§ WORK REQUEST
Only the lines below starting at the one containing "Raspberries fruit stages" and ending at the one containing "A BABY ROLLEIFLEX" belong in the answer, each copied exactly.

§ ENTRIES SUPPLIED
##########
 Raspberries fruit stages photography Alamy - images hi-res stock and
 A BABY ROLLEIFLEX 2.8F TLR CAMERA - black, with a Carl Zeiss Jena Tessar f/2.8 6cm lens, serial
##########
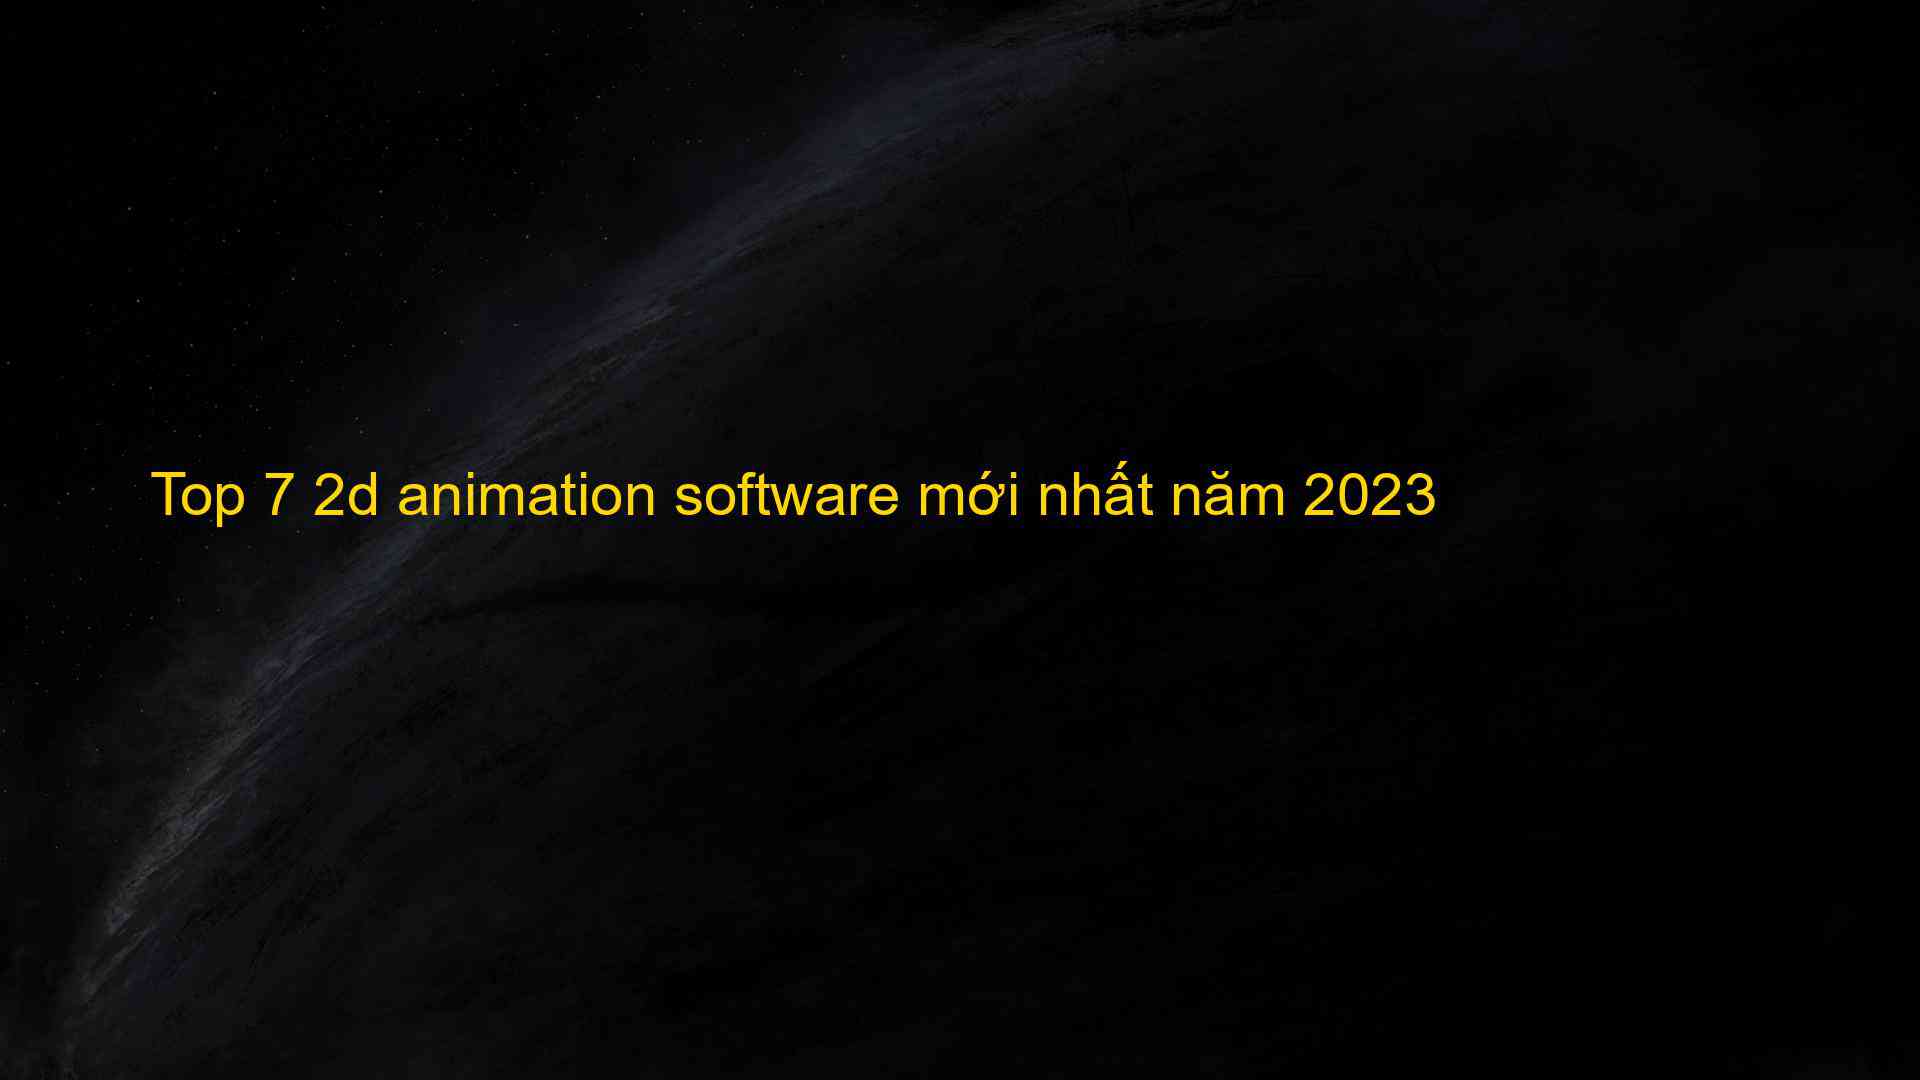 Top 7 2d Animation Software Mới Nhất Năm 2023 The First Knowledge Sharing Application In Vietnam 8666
##########
§ SOLUTION TO THE EXERCISE
 Raspberries fruit stages photography Alamy - images hi-res stock and
 A BABY ROLLEIFLEX 2.8F TLR CAMERA - black, with a Carl Zeiss Jena Tessar f/2.8 6cm lens, serial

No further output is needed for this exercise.